[TiDB Usage Environment] Production Environment
[TiDB Version] V6.5.8
[Encountered Problem: Problem Phenomenon and Impact] I only found TiDB 高并发写入场景最佳实践 | PingCAP 文档中心 for write scenarios in the official documentation. Does anyone have best practices for high concurrency read scenarios in TiDB?
The storage engine used by TiDB employs an LSM-Tree structure, which inherently has advantages for writing but is not as strong for reading. Since all write operations are appended, it may require reading multiple versions. Additionally, with the presence of the MVCC mechanism, handling a large proportion of highly concurrent reads is not TiDB’s strong suit.
If it’s a hot read, you can enable small table caching or Follower Read. For regular concurrent reads, you can distribute the table’s regions evenly across different TiKV nodes to take advantage of TiKV’s multi-node parallel reading.

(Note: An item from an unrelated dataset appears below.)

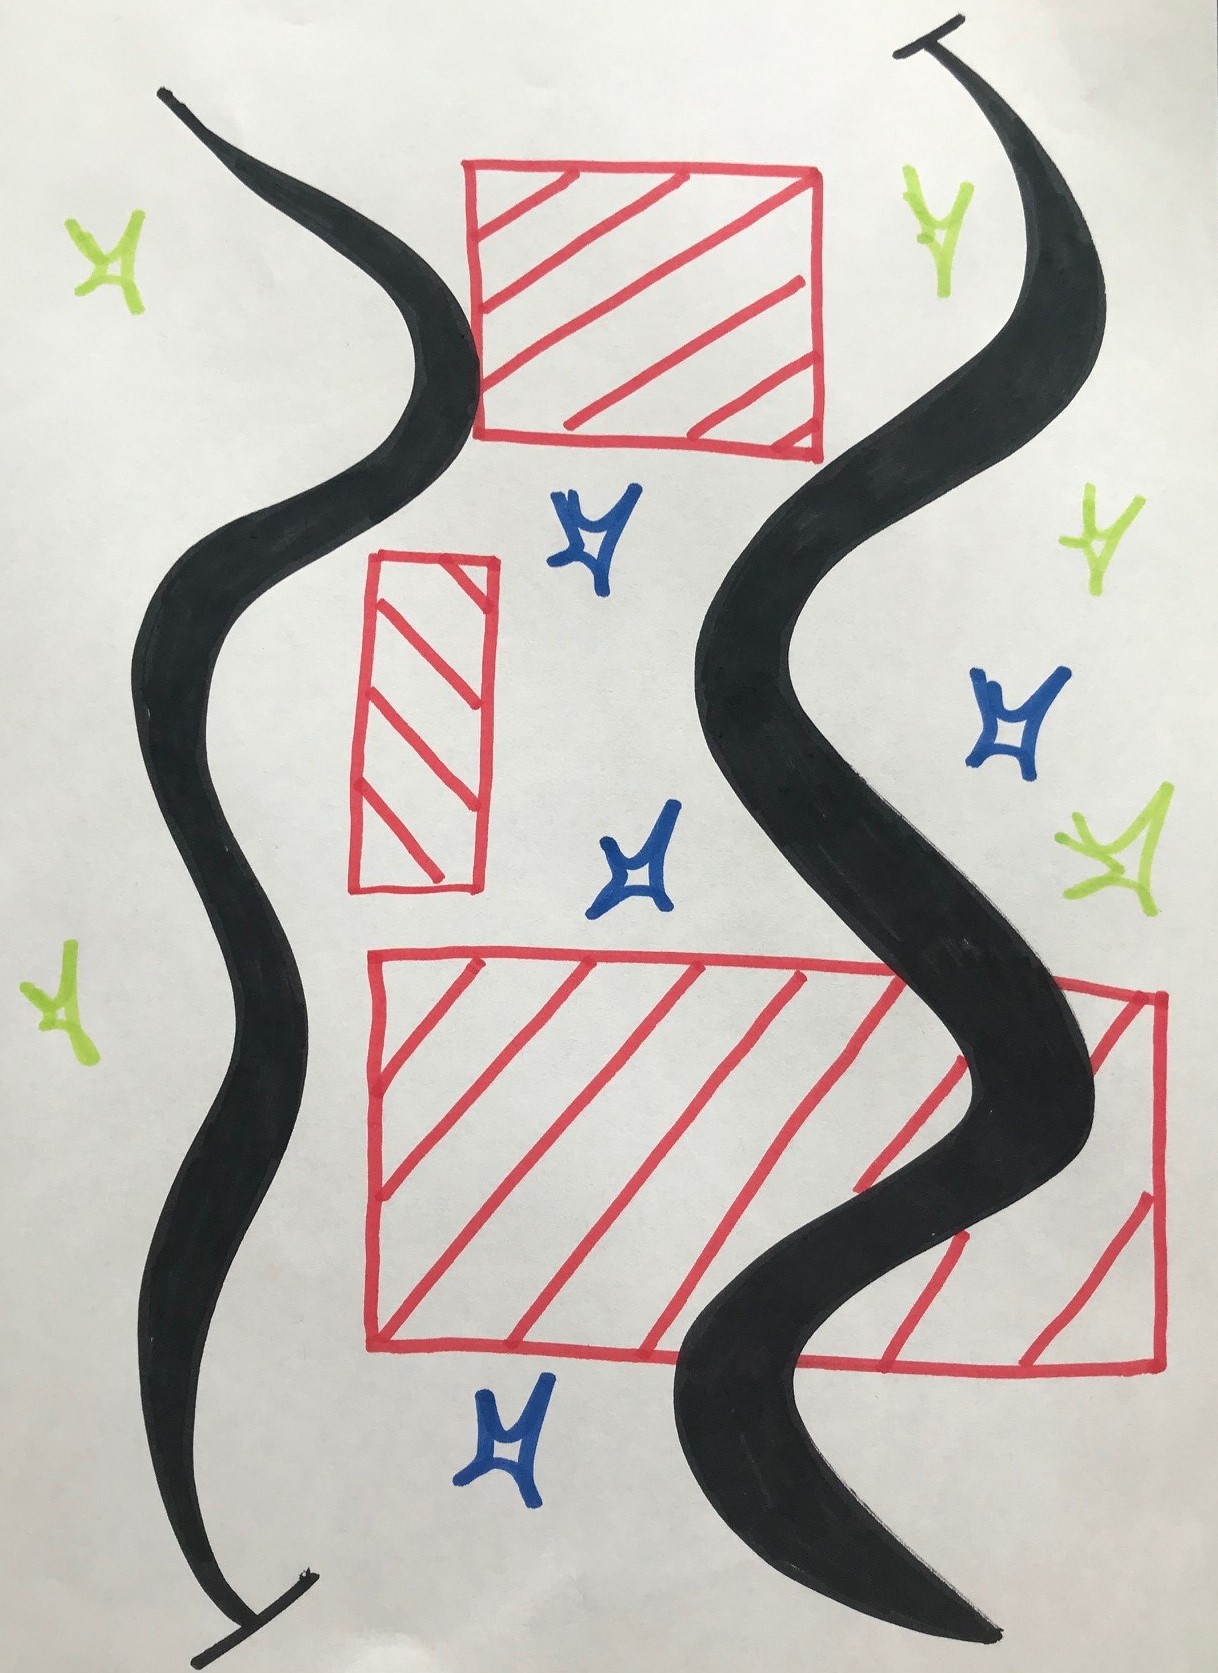 Drawing with red blocks, green and blue flashes with two thick black curly lines.

There are no hot reads, but the data volume is very large, and the SQL is relatively simple [but there are many index row retrievals]. However, after deploying 24 KV instances, stress testing found that the unified read pool utilization is very high.

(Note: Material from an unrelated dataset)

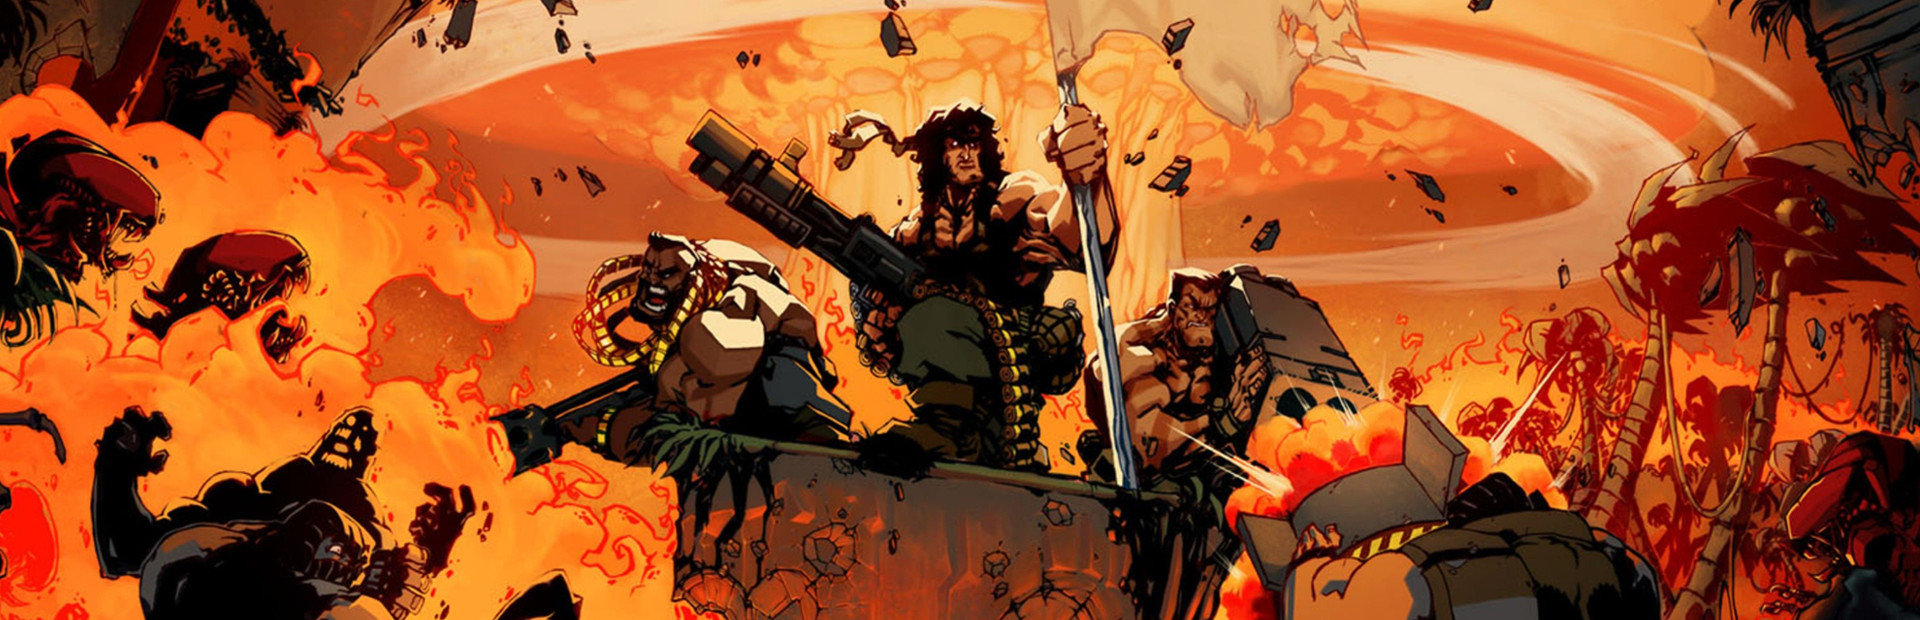 Broforce cover image

You can also optimize the UnifyReadPool thread pool.
If the data is indeed balanced, the SQL execution plan is fine, and each scan does not involve much data, but there are a lot of concurrent SQLs, then you might really need to expand the resources of the TiKV nodes or add more TiKV nodes…
If there are OLAP-type requests (report-type requests) that scan a large amount of data, you can also deploy TiFlash nodes to alleviate the pressure on the TiKV nodes…

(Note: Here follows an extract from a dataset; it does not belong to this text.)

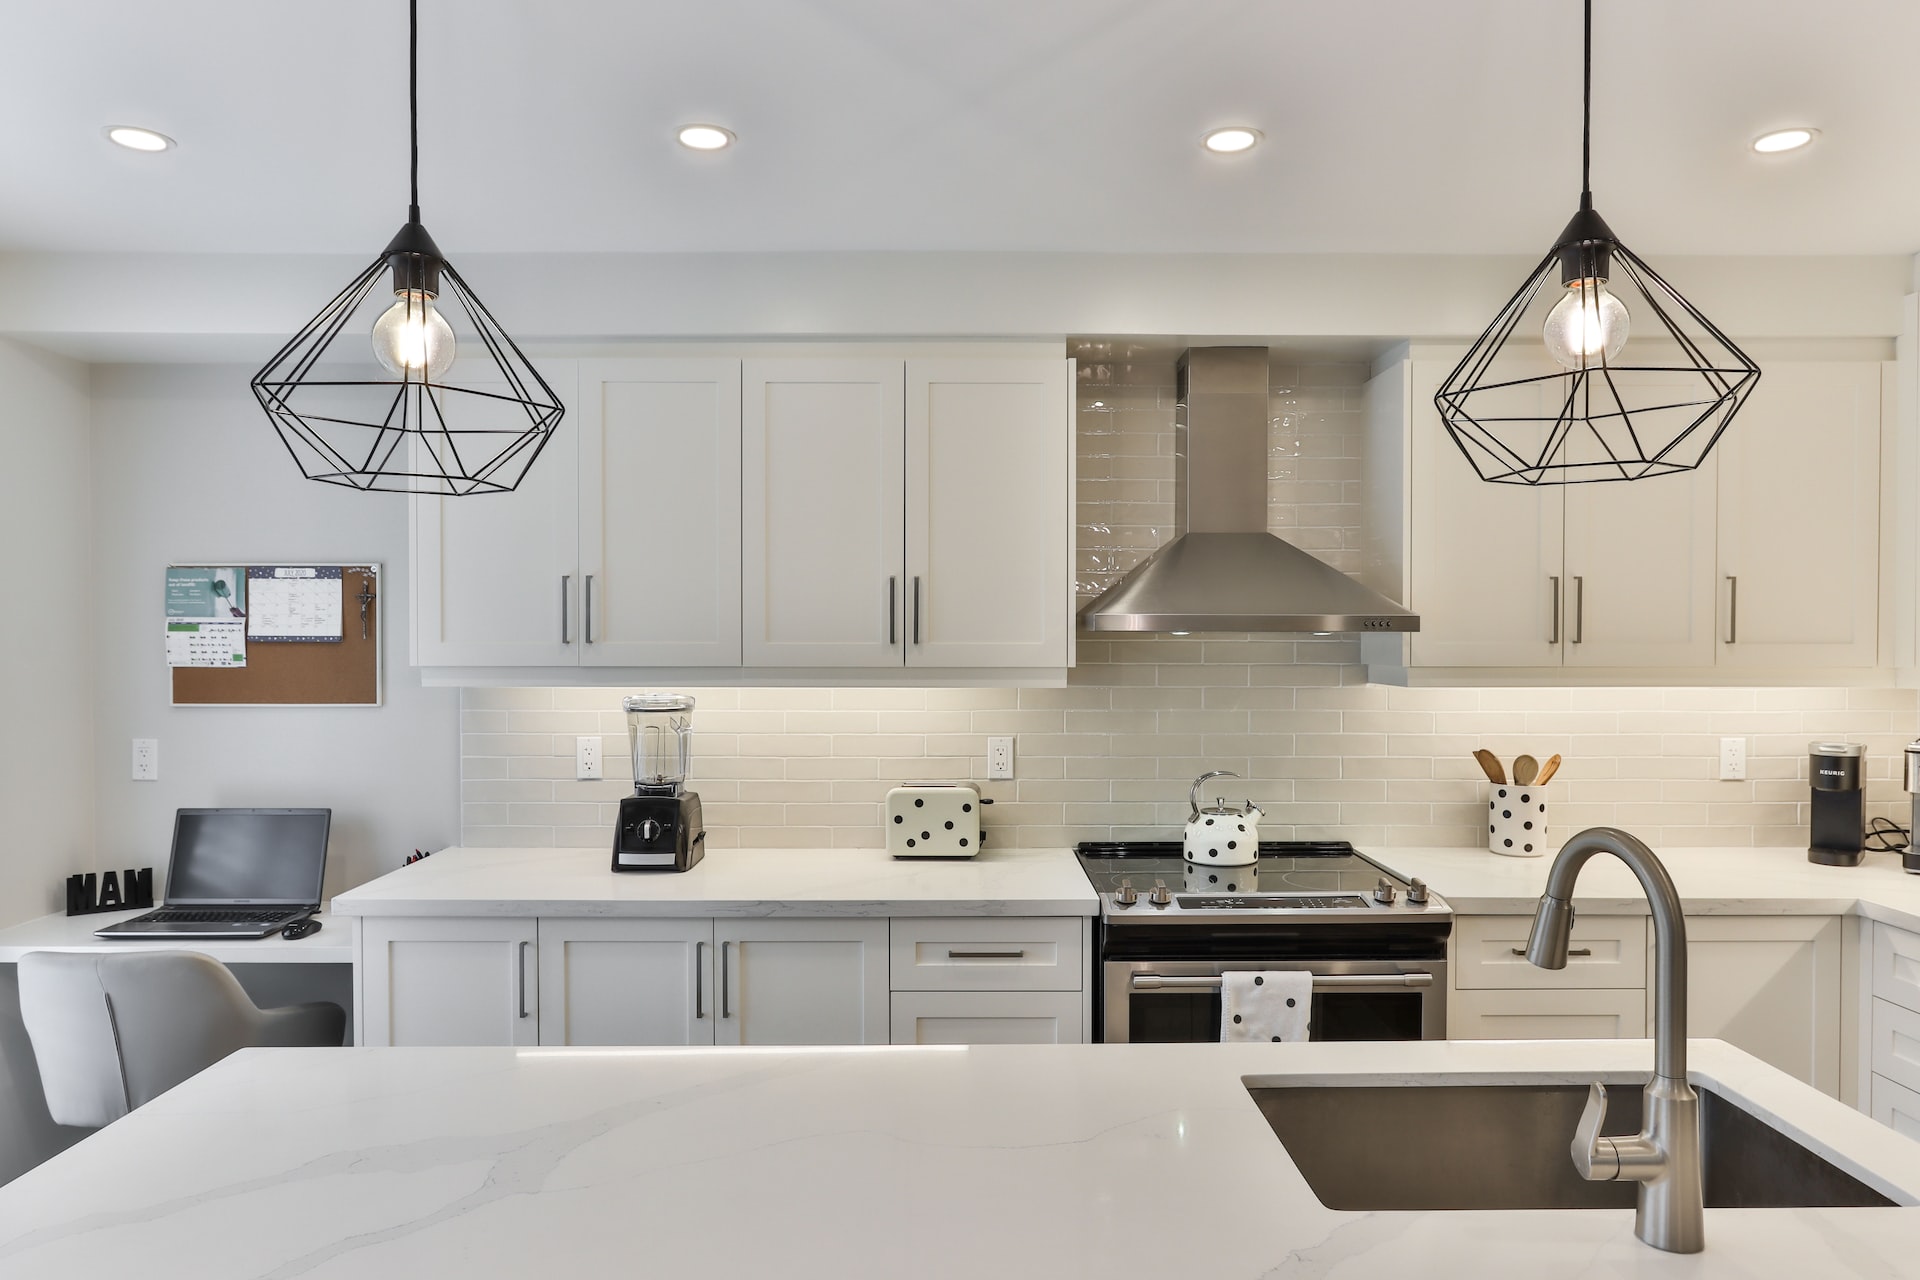 A Brief Look at the 3 Most Common Reasons for Remodelling a Kitchen

This is a pretty good testing method. We should continue to increase concurrency until the SQL execution time exceeds expectations or gets stuck at the expected time. Compare the baseline concurrency value to see if it meets the requirements. If it doesn’t, observe the limit value of the unified read pool or other indicators to see which one has reached the bottleneck, and then consider optimization.
Every company has its own requirements for high concurrency. If the current setup can meet these needs, there is no need to pursue QPS/TPS metrics excessively.